For those following along from home (or don't have license for those,
or want to dig into the step-by-step details of how to handle one of
those program), install OpenBabel.
It implements three different
fingerprint types:
FP2 (default) - linear fragments of length 1 to 7 (with some exceptions) using a hash code generating bits 0≤bit#<1021
FP3 - functional groups based on 55 SMARTS patterns (see "patterns.txt")
FP4 - functional groups based on 307 SMARTS patterns (see "SMARTS_InteLigand.txt")
Why are there two different file formats?
The FP3 and FP4 fingerprints are substructure fingerprints based on
SMARTS patterns listed in text files. Sadly, while I think the two
files should be in the same format, they aren't. The first looks
like:
In looking through the source I found this comment in the method
"ReadPatternFile" in the "fingerprints/finger3.cpp".
// Christian Laggner's format: SMARTS at end of line
This is the code which parses the FP3 and FP4 formats. (Yes, even
though it's named 'finger3.cpp' it also parses the FP4 format.)
Specially this comment comes from the section which figures out the
specific file format. My most likely conjecture is that the FP3
format existed then someone decided to add the FP4 definitions, using
SMARTS patterns that someone else defined.
There's a tradeoff here: should code be changed to fit data or data
changed to fit code? How malleable is code, and how much should you
change someone else's data? In this case the implementer decided the
easiest solution was to keep the original format unchanged; perhaps
because it would be easier to import updates in the future. I would
have reformated the file to fit the expected format, perhaps keeping
the conversion program around to handle any updates.
Is it better to implement more features but haphazardly, or fewer
features but more cleanly?

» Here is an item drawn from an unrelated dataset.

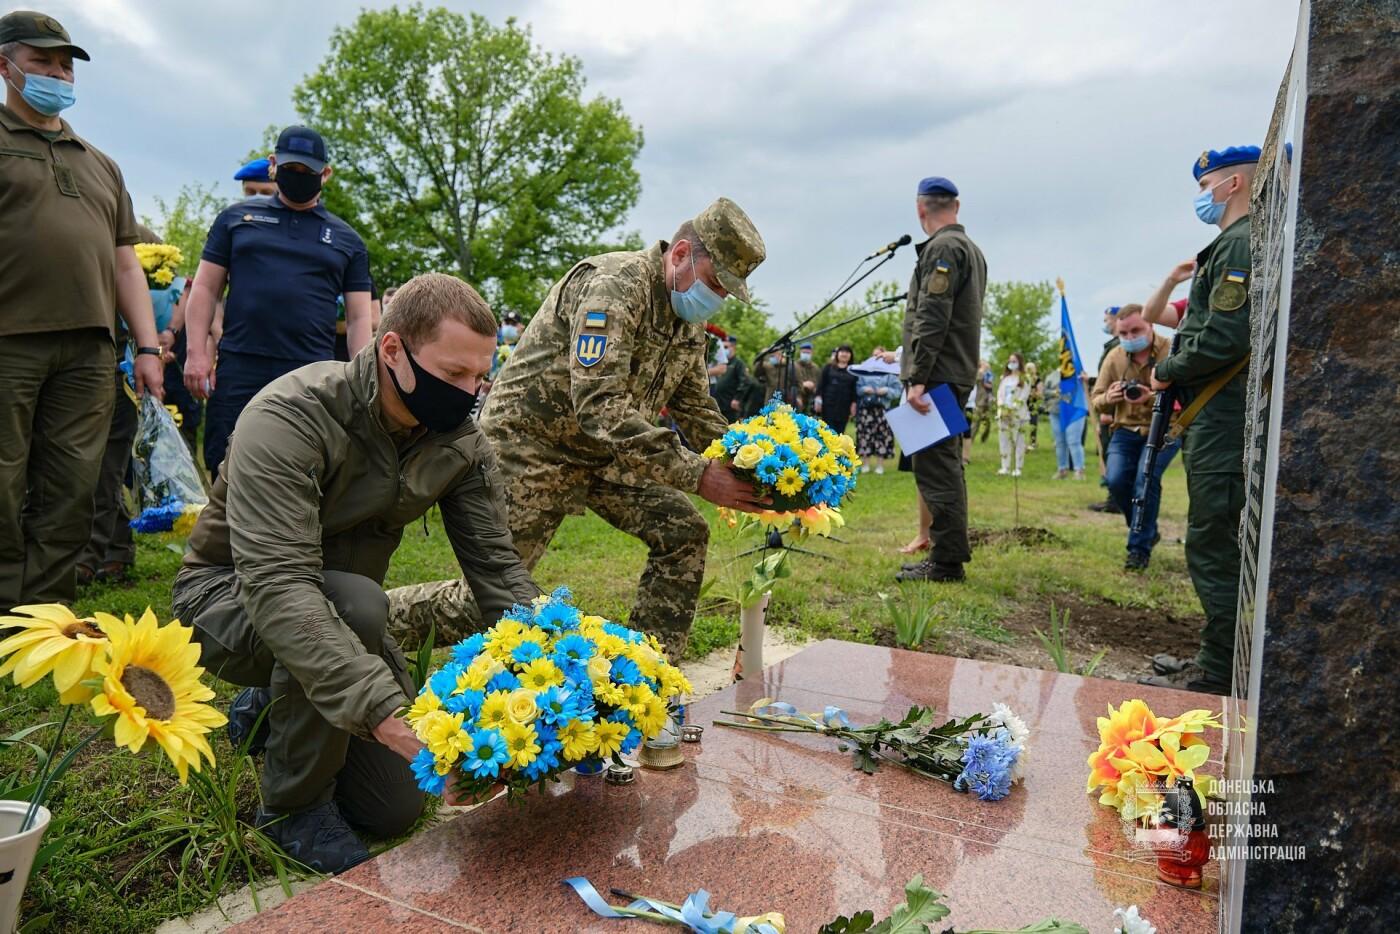 В Донецкой области почтили память 12 погибших украинских воинов во главе с генералом Кульчицким, - ФОТО, фото-6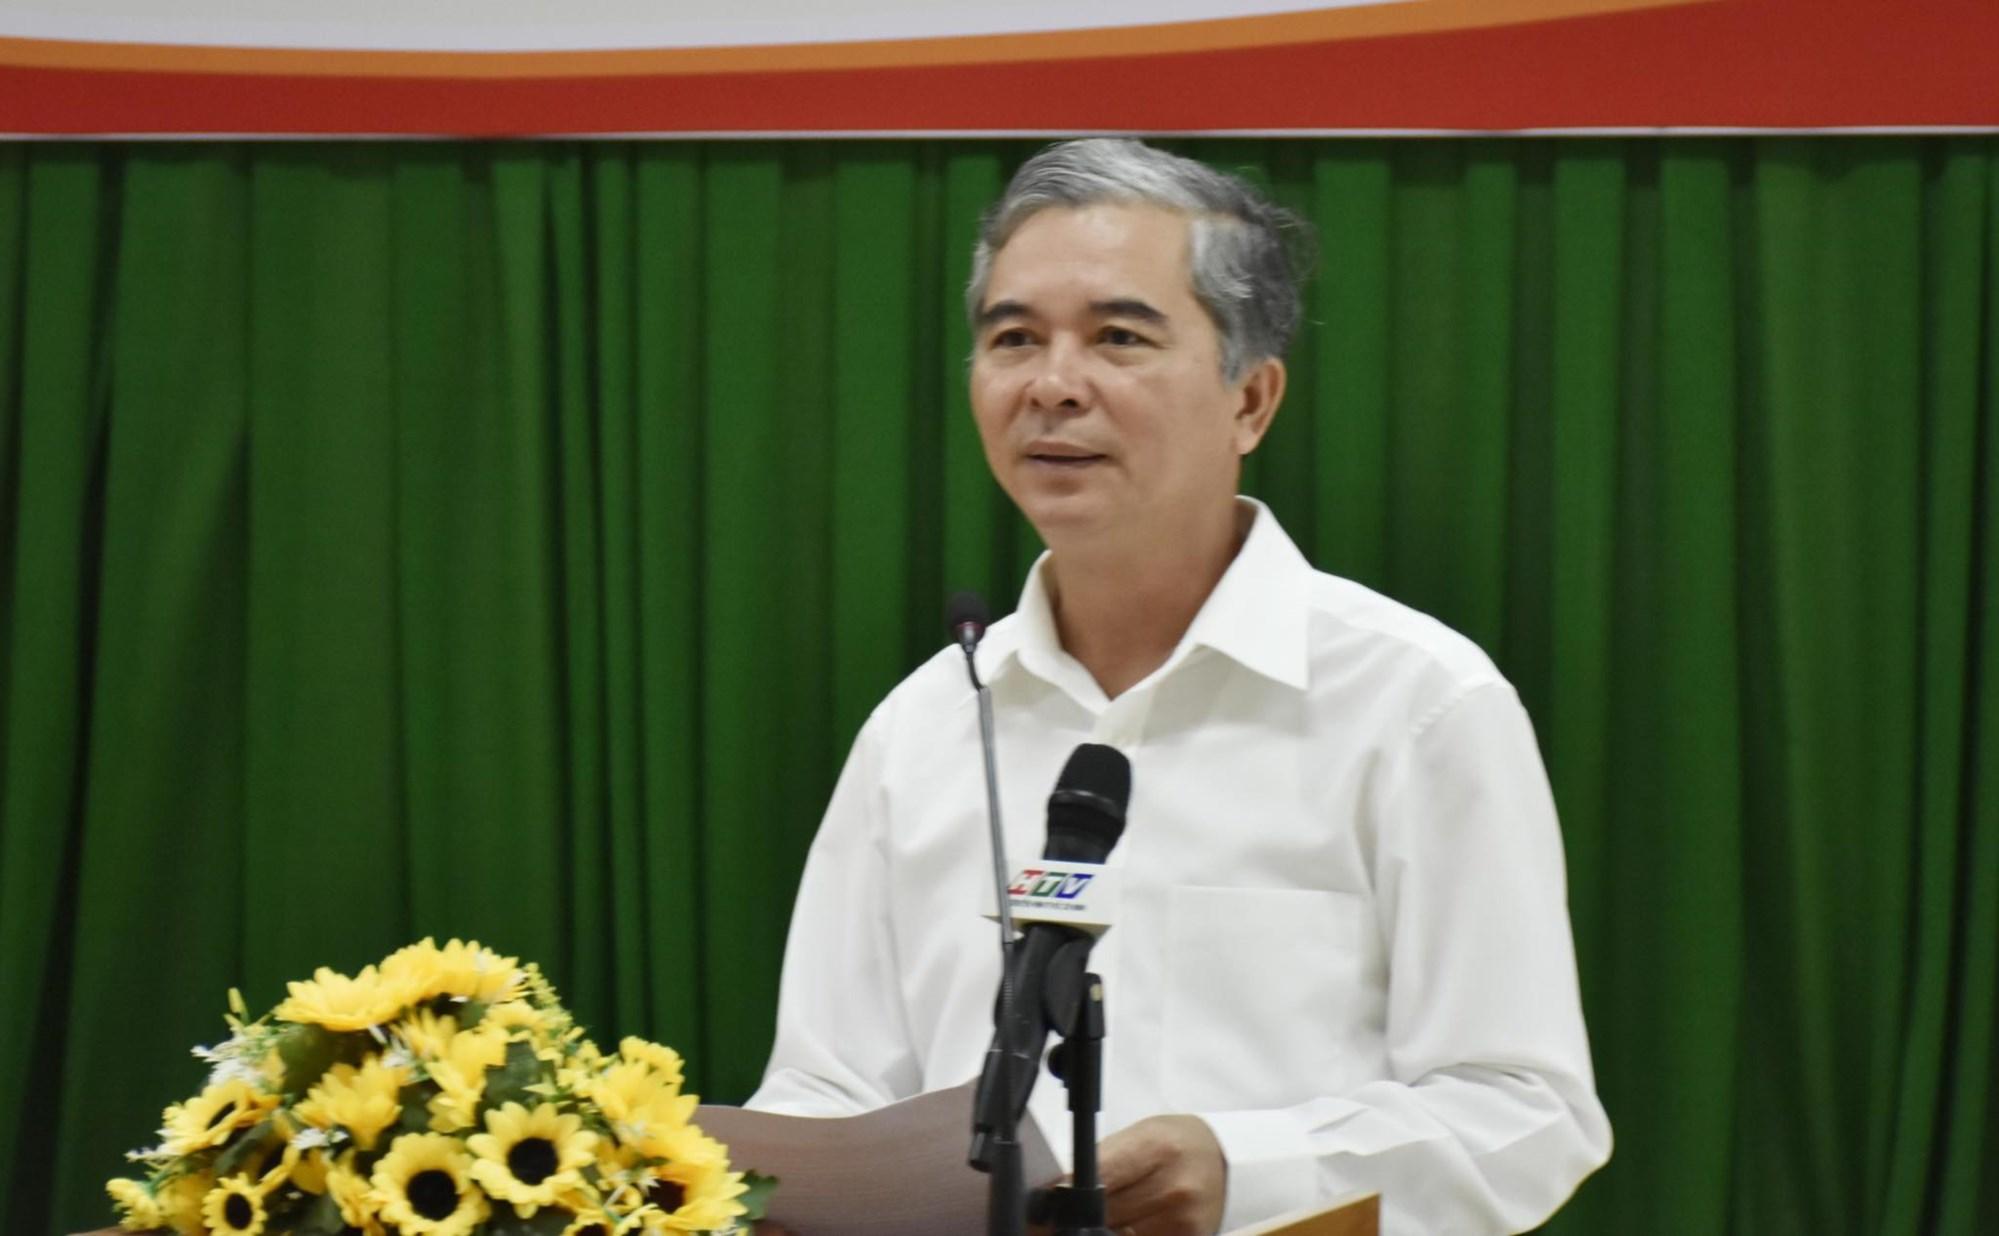 Phó Chủ tịch UBND TP. Hồ Chí Minh - Ngô Minh Châu phát biểu tại Hội nghị

I'm biased much futher towards the second
than most people seem to be, and I think that the combined solution of
"more features and cleanly" is generally posssible. Perhaps
scientific software is worse than average because most people's
explicit goal is to get some scientific project done, and not to
support the needs of unknown others in the future. Or because most
scientists aren't trained programmers? Or perhaps I have an
unrealistic expectation of how green the grass might be on the other
side of the fence.
Generating fingerprints with Babel
Babel generates two types of fingerprint formats. One is an index
file used to store precomputed fingerprints when doing a substructure
search. It's a binary file format that's a bit too complex to talk
about here. The other is, I'm told, more of a debugging aid that
saves the fingerprints as hexadecimal strings. It's much easier to
show and understand so I'll use it.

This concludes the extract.